J Scott Hamilton has started 1 posts and replied 69 times.

Post: Am I nuts?

J Scott HamiltonPosted
  • Entrepreneur and Linguist
  • Braddock, PA
  • Posts 70
  • Votes 40

Even here in the middle of the Pittsburgh metroplex, we have buildings like that which can't stay filled with tenants.  In Homestead nearby a large shopping center, a vacant bank building had a barbershop in the basement. It would not surprise me if the barbershop's rent could have covered the carrying cost of the building, even with the main floors being vacant.  But after walking by that barbershop for two years (I ride the bus), it moved out.  Now it is again a completely vacant building.

In these Rust Belt towns there are many buildings vacant because the population declined so much that there weren't enough people and businesses to fill all the buildings. Many of them decayed and fell apart, and now are plowed under.  Unless you think there is a tenant compelled to rent your prospective location, you just have an appreciable/depreciable investment with no cash flow to cover its expense burden.

Post: 1031 exchanges going away?

J Scott HamiltonPosted
  • Entrepreneur and Linguist
  • Braddock, PA
  • Posts 70
  • Votes 40

The provisions of Internal Revenue Code 1031 has changed over the years and may change in the future.  But it was built on the fundamental principle that exchanging two items of like kind between two (or more) parties should not be taxed.  Some items, like investment securities, were exempted from the beginning, but for the most part it would be very difficult for Congress to exclude all forms of tax free like kind exchanges without having structural consequences to the tax code.

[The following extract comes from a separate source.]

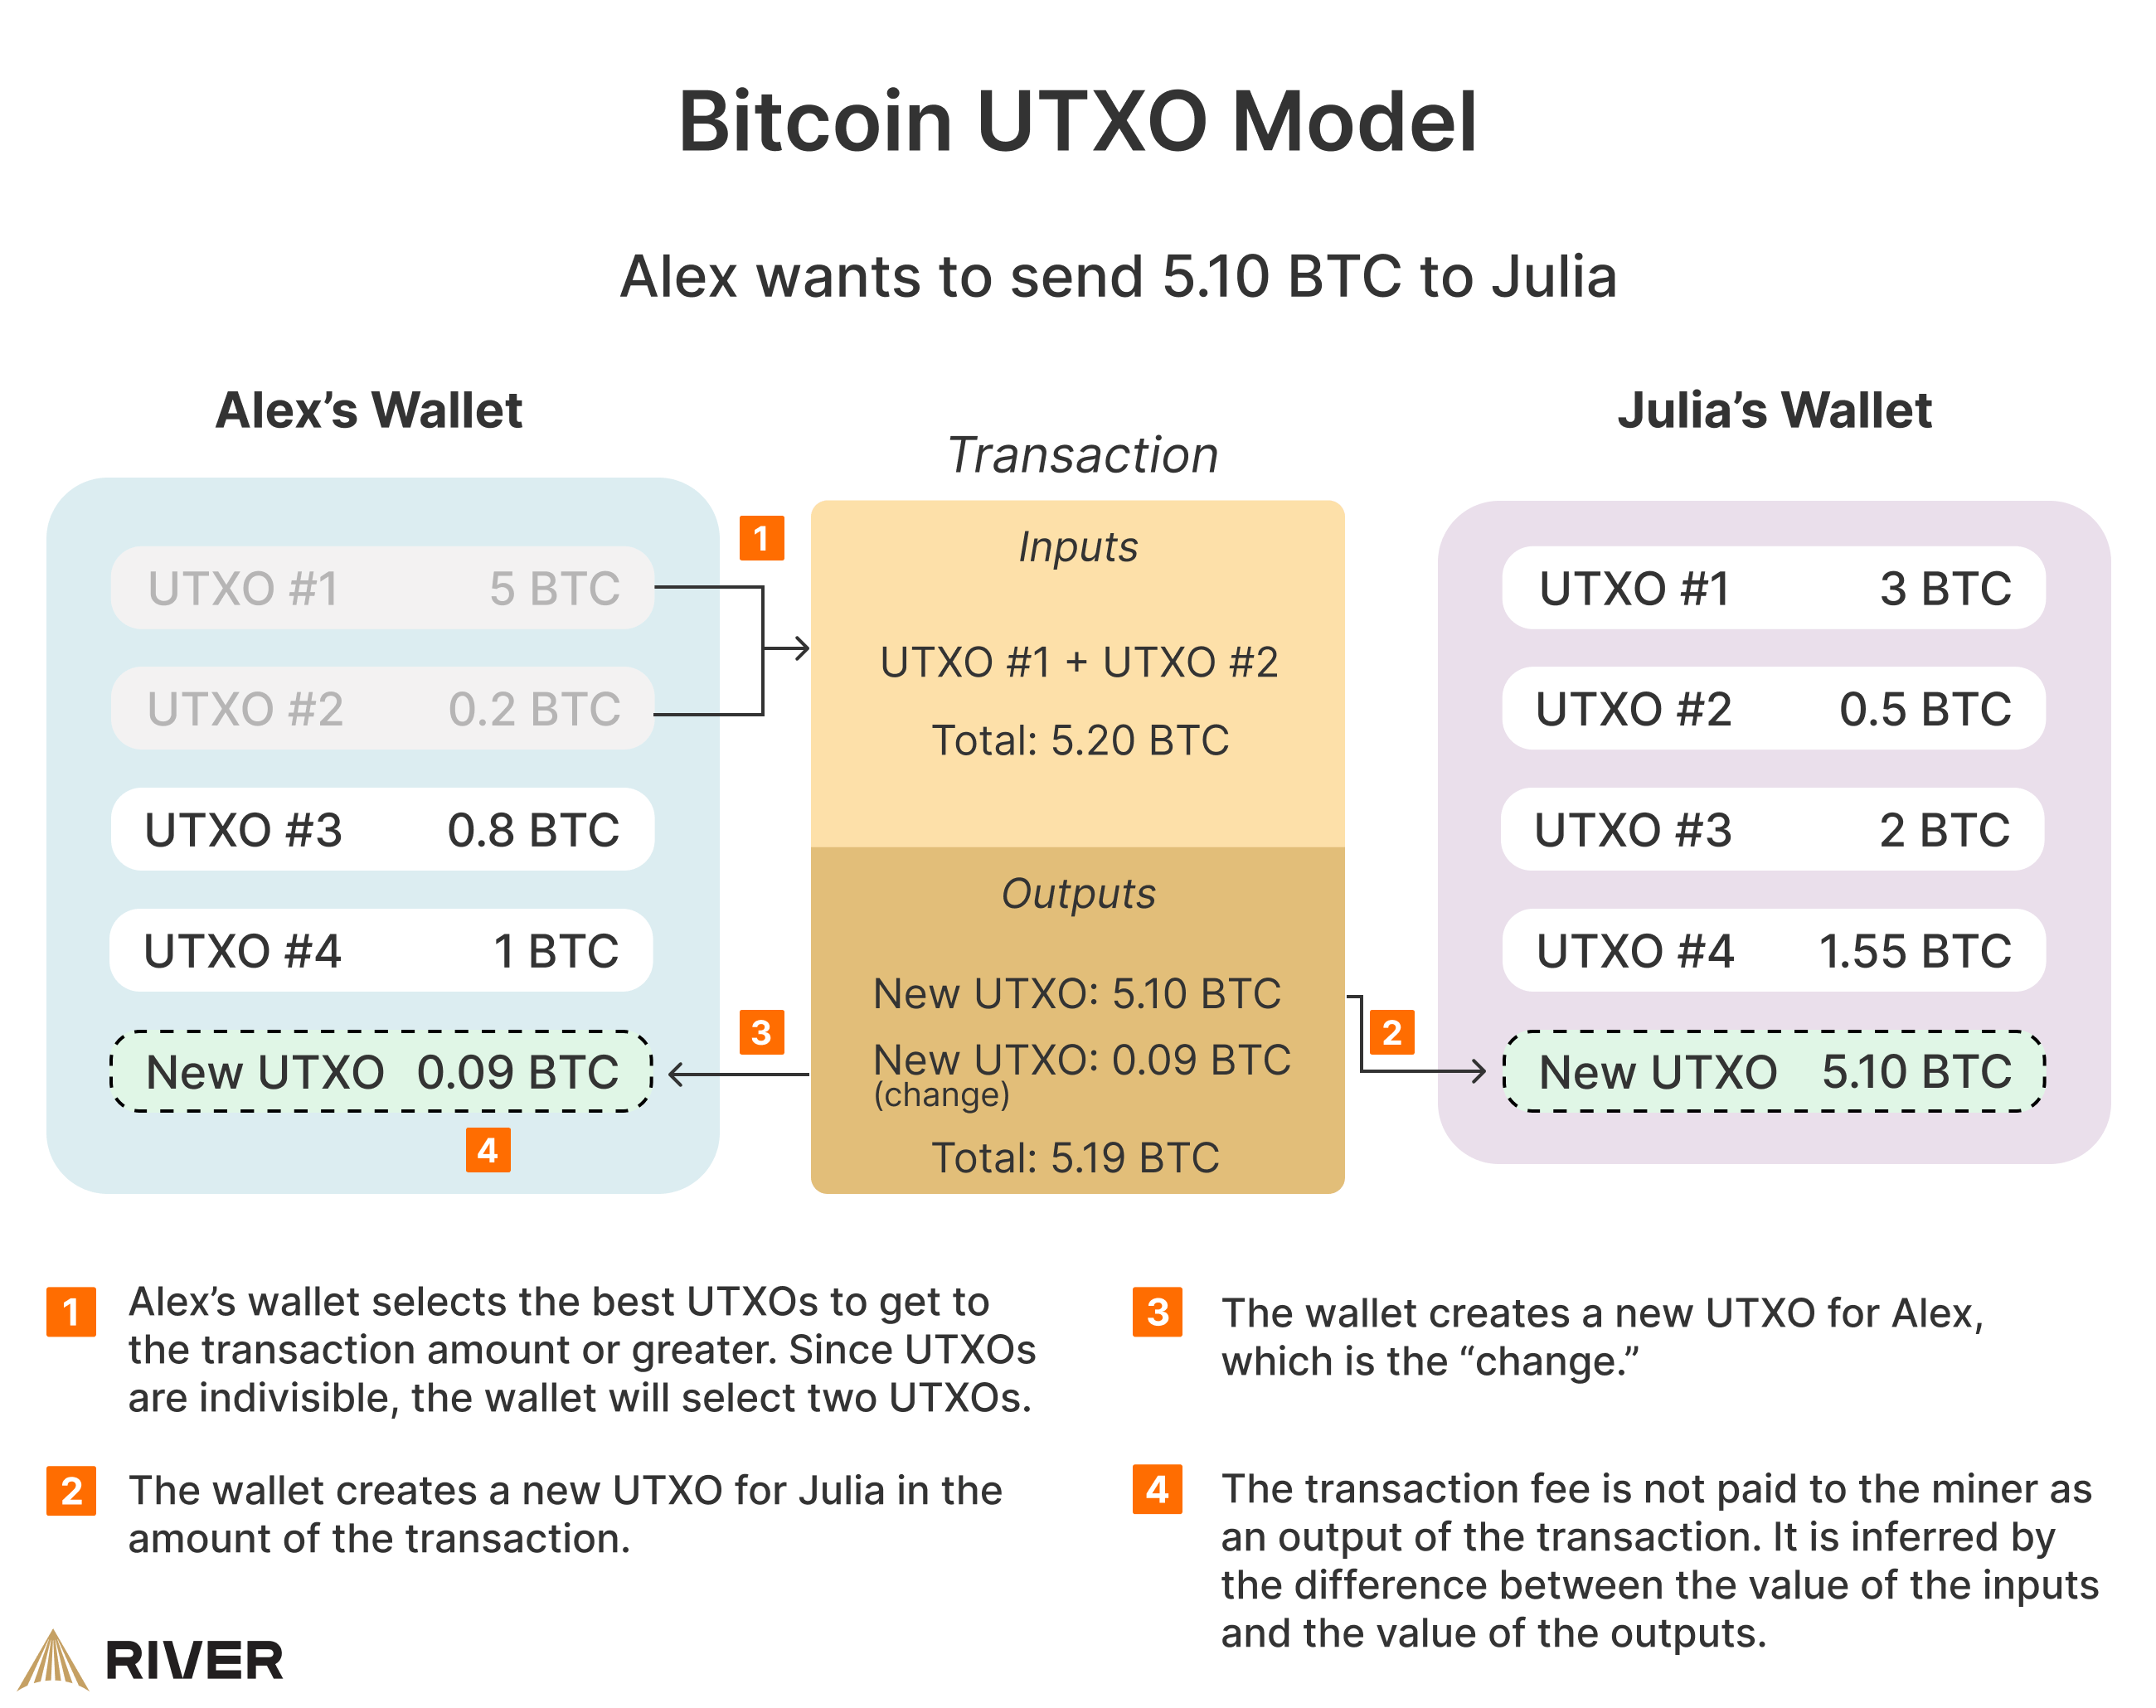 Bitcoin UTXO model showing Alex’s wallet transferring 5.10 BTC to Julia with inputs, outputs, and fees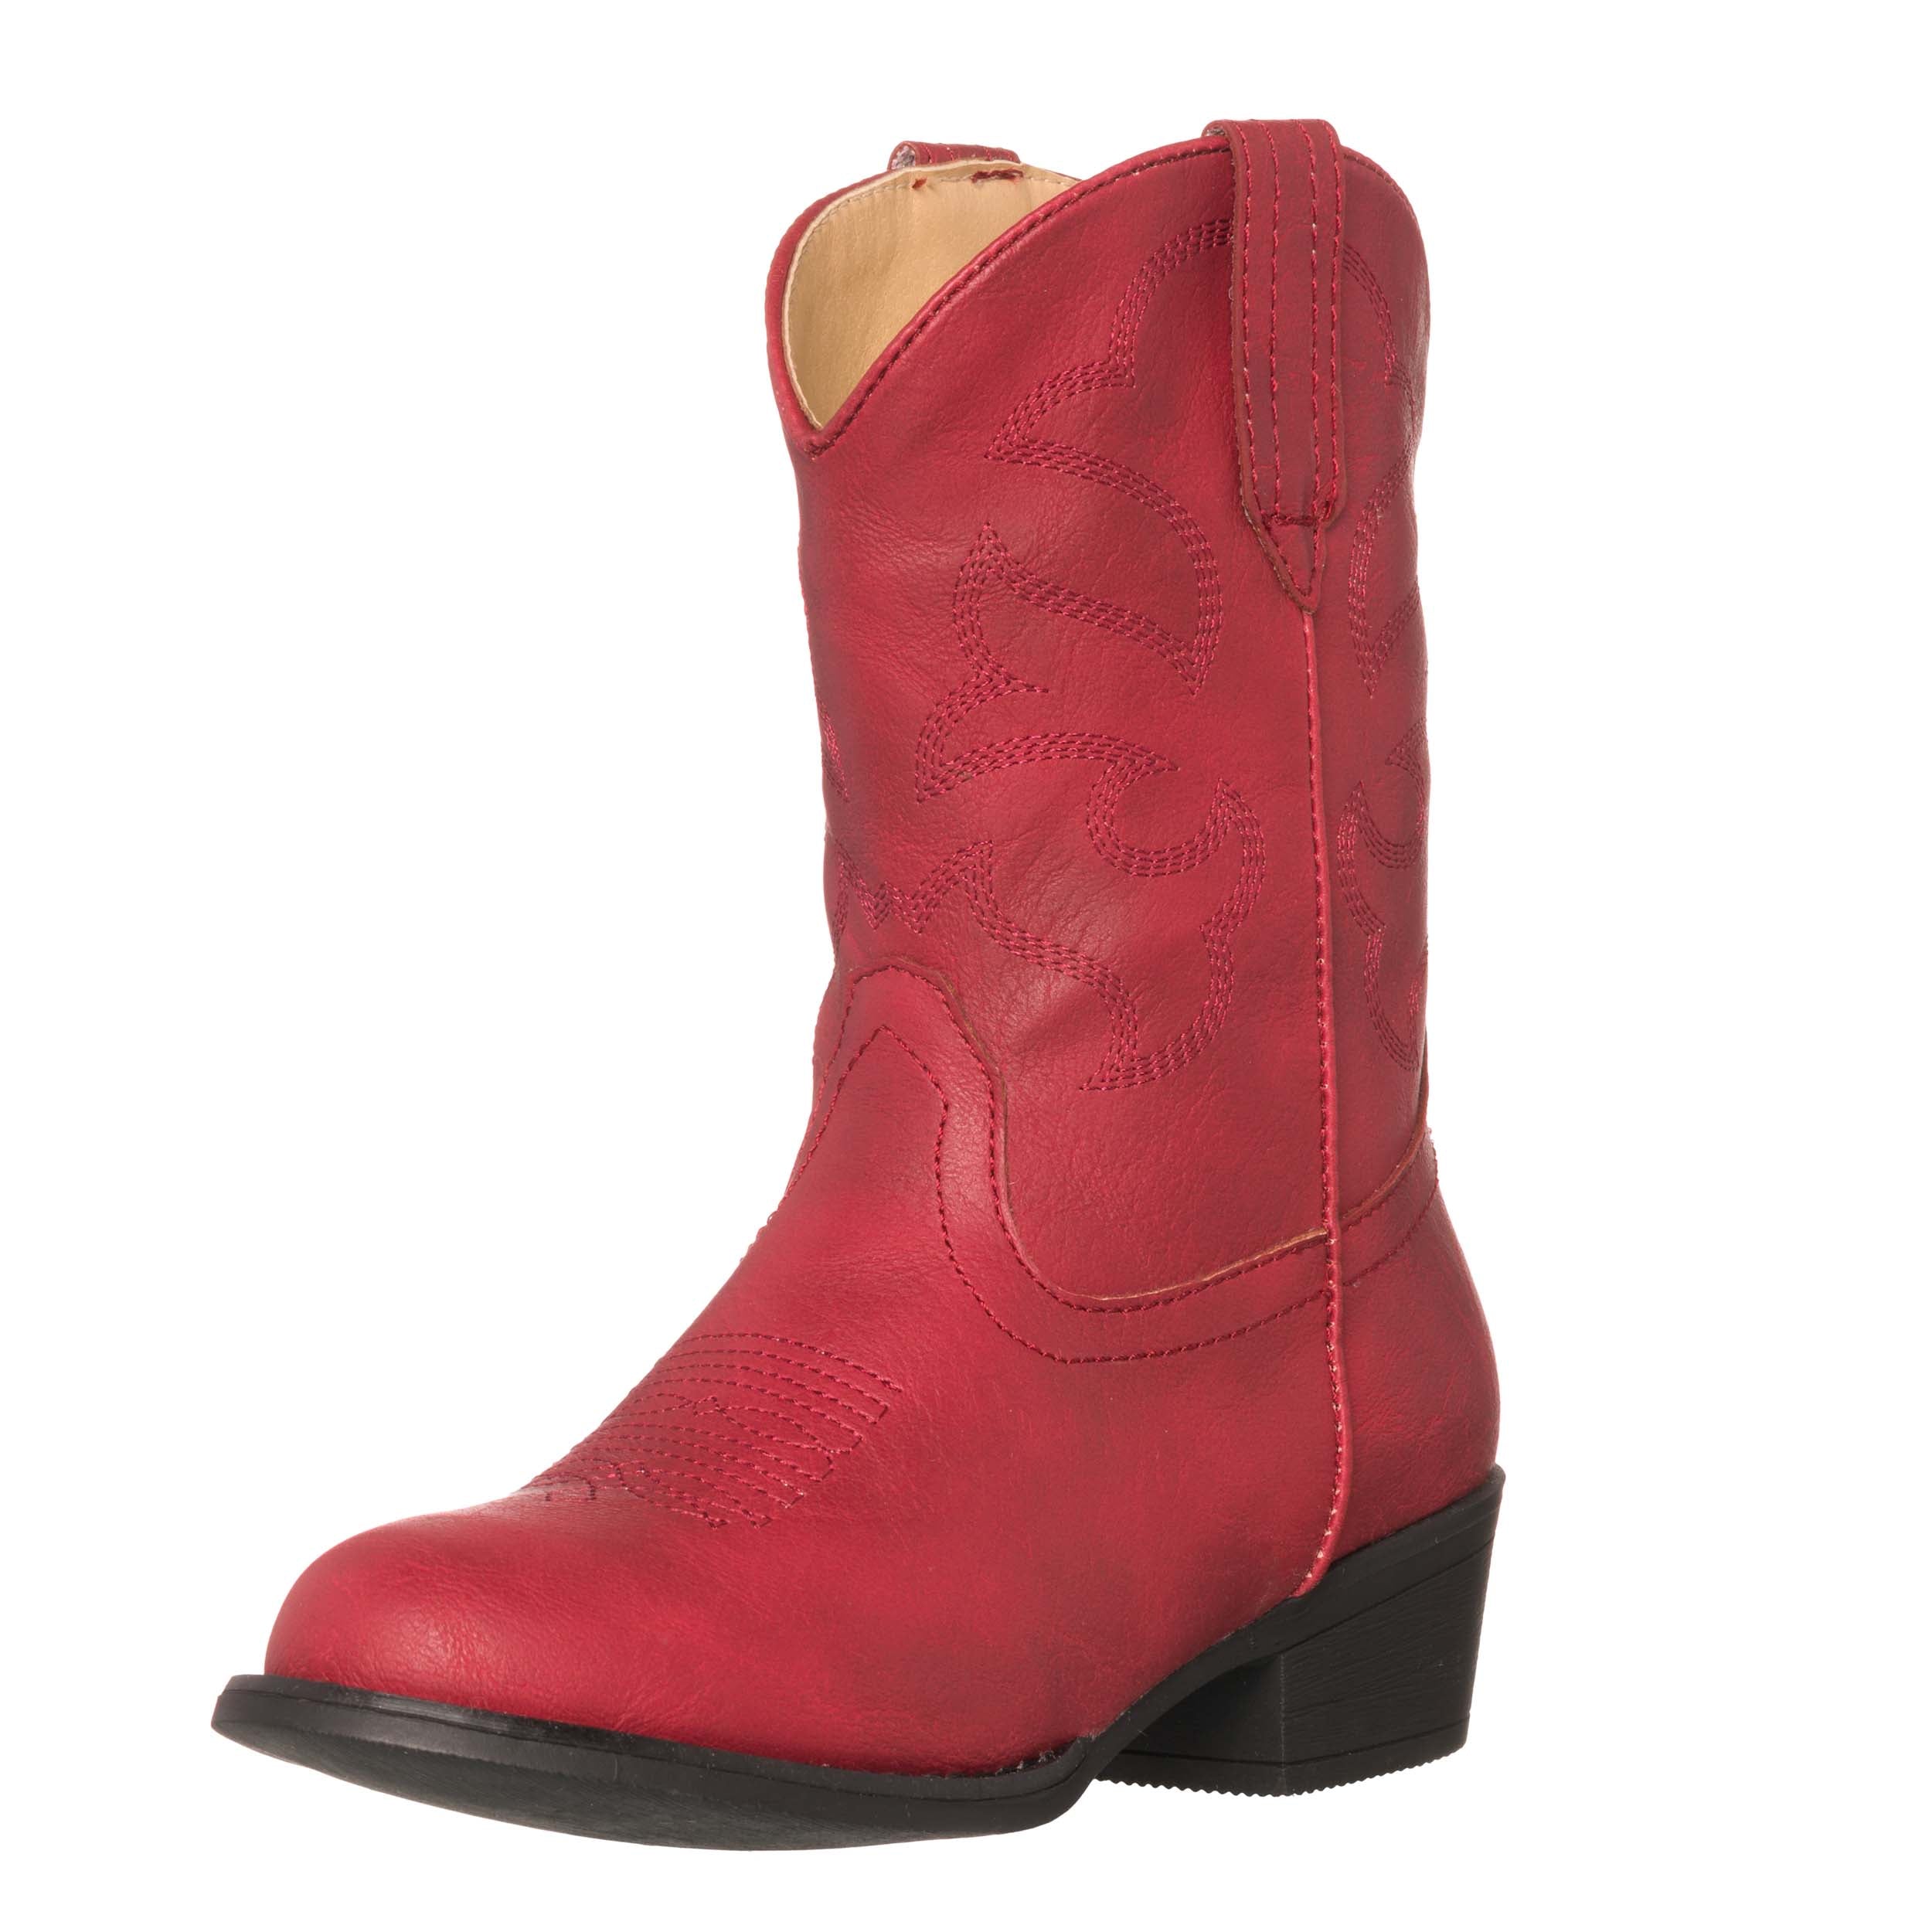 Children Western Cowboy Boot | Monterey Red for by Silver C Silver Canyon and Clothing Company

It may be possible that the NAR article was saying that real estate professionals may not want to bother with these deals. If such were the case I can't see why attorneys might not want to take over the burden, assuming that real estate was still eligible for 1031.

Post: double taxation between Costa Rica and US?

J Scott HamiltonPosted
  • Entrepreneur and Linguist
  • Braddock, PA
  • Posts 70
  • Votes 40

For individuals you file Form 1116. Your credit will generally be the lesser of how much you paid to the taxing authority or the amount you would pay to the US. And unfortunately, if you are subject to the Alternative Minimum Tax you may have to fill out the form twice.

Scott

Post: Tax Deductions In Real Estate Investing

J Scott HamiltonPosted
  • Entrepreneur and Linguist
  • Braddock, PA
  • Posts 70
  • Votes 40

A couple of things to consider with tax deductions:

1) The expense you avoid is worth far more than the tax deduction on that expense.  Don't accumulate needless expenses just for the deduction.

2) The income you earn will still net out to money in your pocket even after paying the tax. Don't leave income on the table just because you will be taxed on it.

3) Most real estate expenses are deductible in the year you pay them, especially if the benefit is immediate (like a utility payment or property tax).

4) Some expenses are prorated through the life of the improvement, such as depreciable buildings and roof repairs. This is also known as a capital expenditure (although land is not expensed). Even though you will be out of pocket up front for the expense, it will take years to get all of the tax deduction.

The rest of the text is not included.